And things just fall apart. I mean, this is just a succession of bad.
There is one faithful king here. Just one. And Asa is so faithful he’s willing to remove his own mother, (or perhaps grandmother?) from the royal household. That’s pretty extreme.
Would you be willing to cut your family out of your life because they are hindering your relationship with God? Let’s not even get into the authority she held, or the influence she had over those witnessing her idolatry. Let’s focus on the personal repercussions. I can’t imagine they had a good relationship after he strikes her title as Queen Mother.
Of course, I can’t imagine they had a fantastic relationship before that, either. It’s difficult to share a home with someone who has completely different priorities than you. And I don’t mean disagreements about what to wear to church, what music should be in church, or even which words should be on the sign. I’m not talking about political disagreements, or even theological disagreements. I’m talking about disagreements about WHO GOD IS.
Now, please listen for just a second. I’m not saying that we can’t be really good friends with people who follow other faiths. I think we can be. I think we can find emotional and physical support in these relationships; I think they can be fulfilling, entertaining, comforting. Some of my best friends, honestly, have not been christians.

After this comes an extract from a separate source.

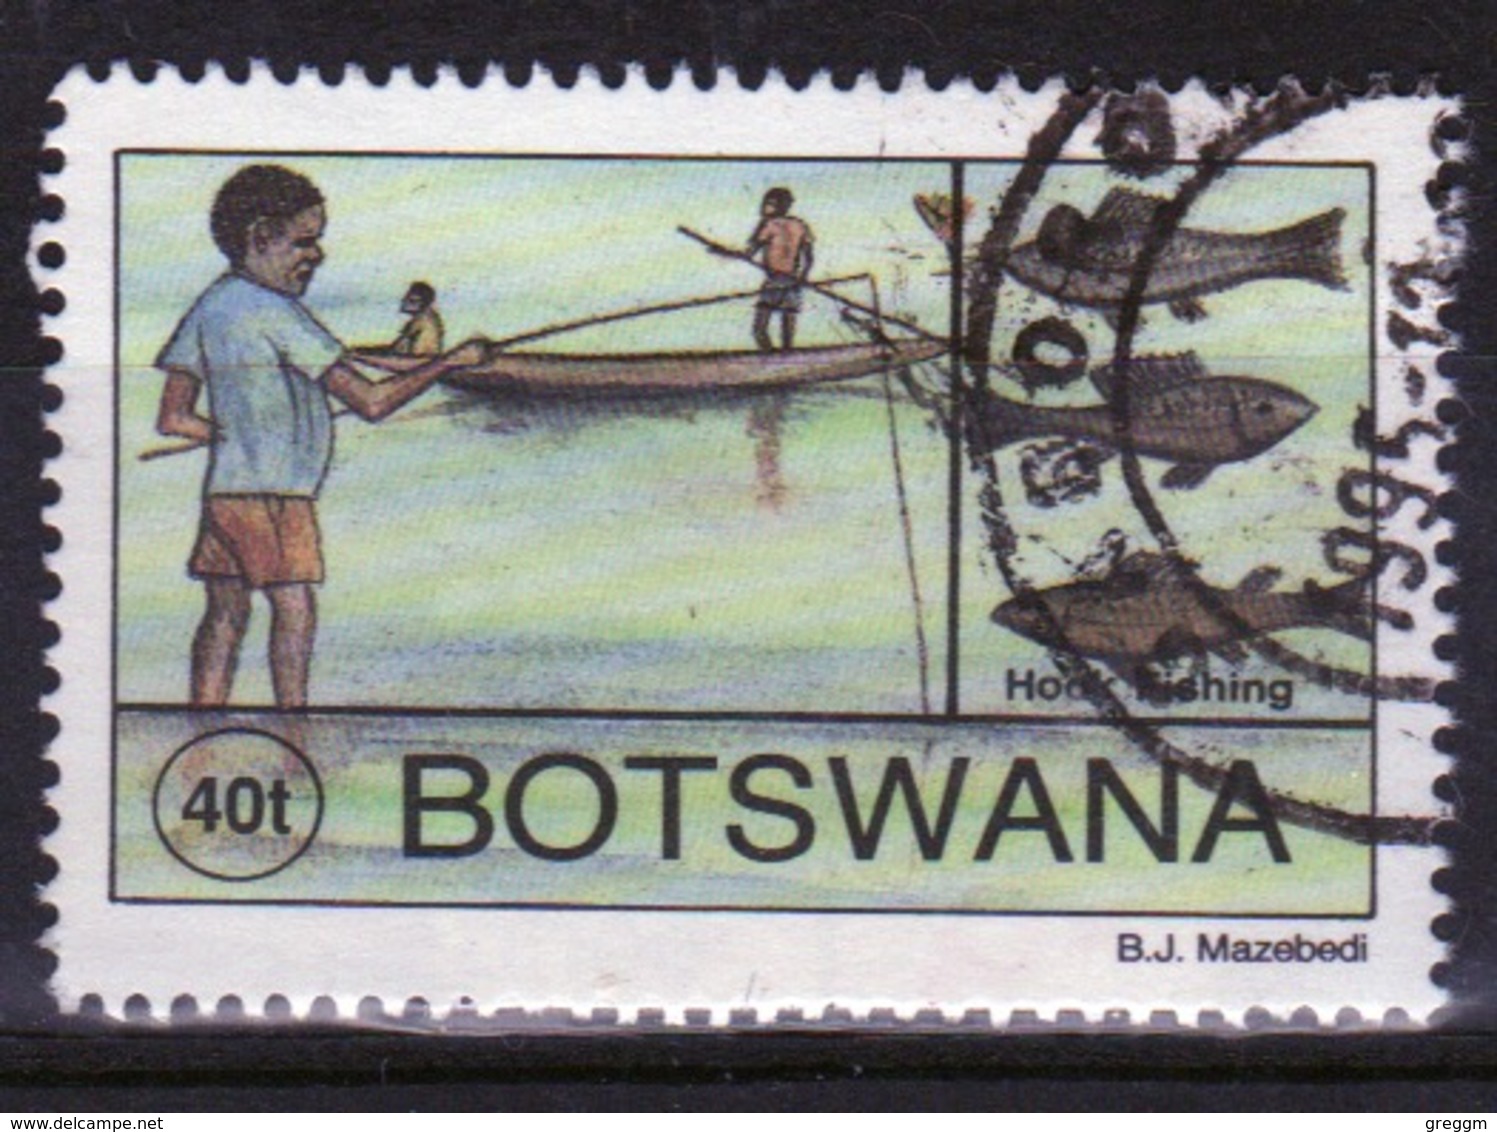 Botswana 1995 Single 40t Commemorative Stamp From The Traditional Fishing Set. - Botswana (1966-...)

However, there is always something missing from these relationships. I can go to them for emotional support. They can help me through the anxiety and stress of daily life. I can ask them for physical help watching my children, getting things done when I’m overwhelmed, even financially. I can benefit from their experience, training, and expertise when I need practical advice or insight. What I cannot do is go to them for spiritual advice or understanding. They may not always understand my life choices when God’s leading runs counter-intuitive to worldly wisdom. Sometimes the less profitable position is the one that keeps us in God’s will. Sometimes the riskier prospect is the one God has ordained for us. I have found that my good friends will support me even when my faith contradicts their logic, but they will not be of any help identifying those moments. They will not pray with me. They will not have words from God for me.
So yes, you can have dear, dear friends that are not faithful christians, but christian friends are irreplaceable, and to have a home divided is precarious.

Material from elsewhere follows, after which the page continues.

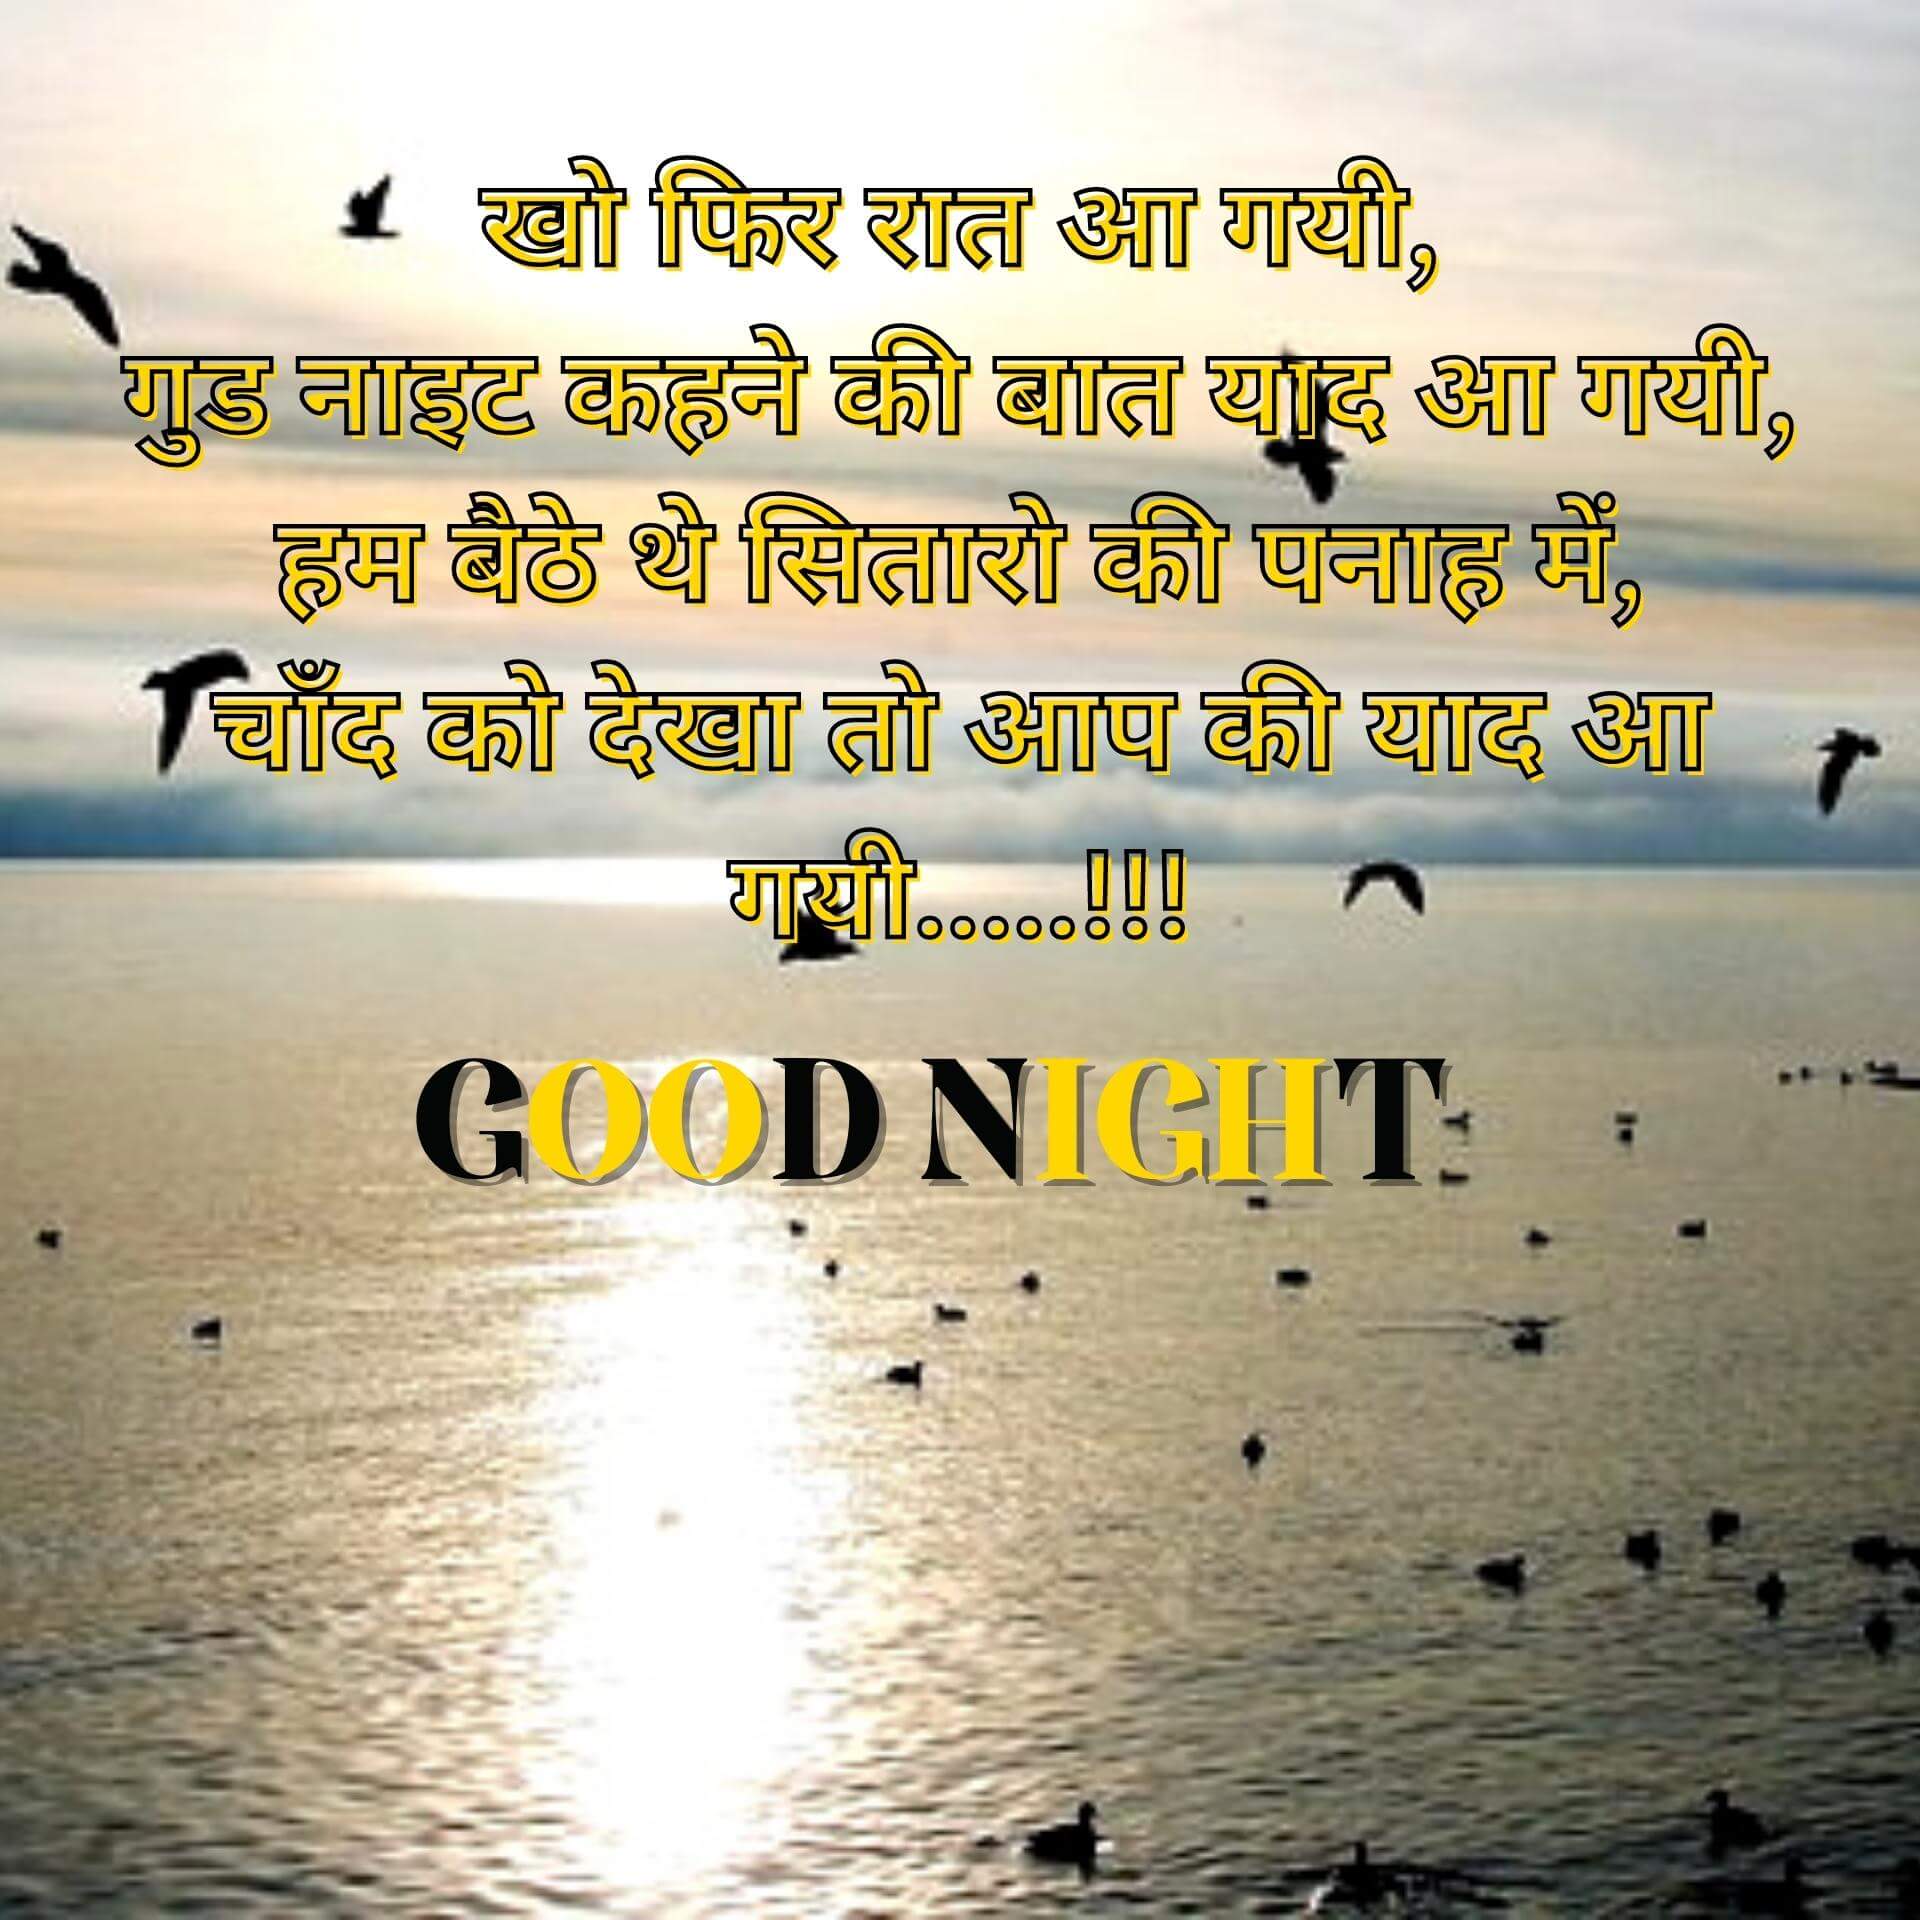 Hindi Shayari Good Night Pics Download

Please continue to bear with me. I feel like I need to be clear about what I’m not saying because relationships are such a complicated and volatile conversation, perhaps even more so than politics or, heh, religion.
There are times when someone may come to Christ years after marriage, creating a home with conflicting priorities. I’m not insinuating in anyway that this marriage should be abandoned. Neither am I suggesting that anyone who comes to Christ should cut off unbelieving family. That would be, and always must be tragic.
What I am asking is whether or not you would be willing to do so if it became unavoidably clear that their choices were actively endangering your faith? If their behavior, their priorities, rather than simply differing from yours were actually requiring your disobedience in order to maintain the relationship? Would you then be willing to walk away?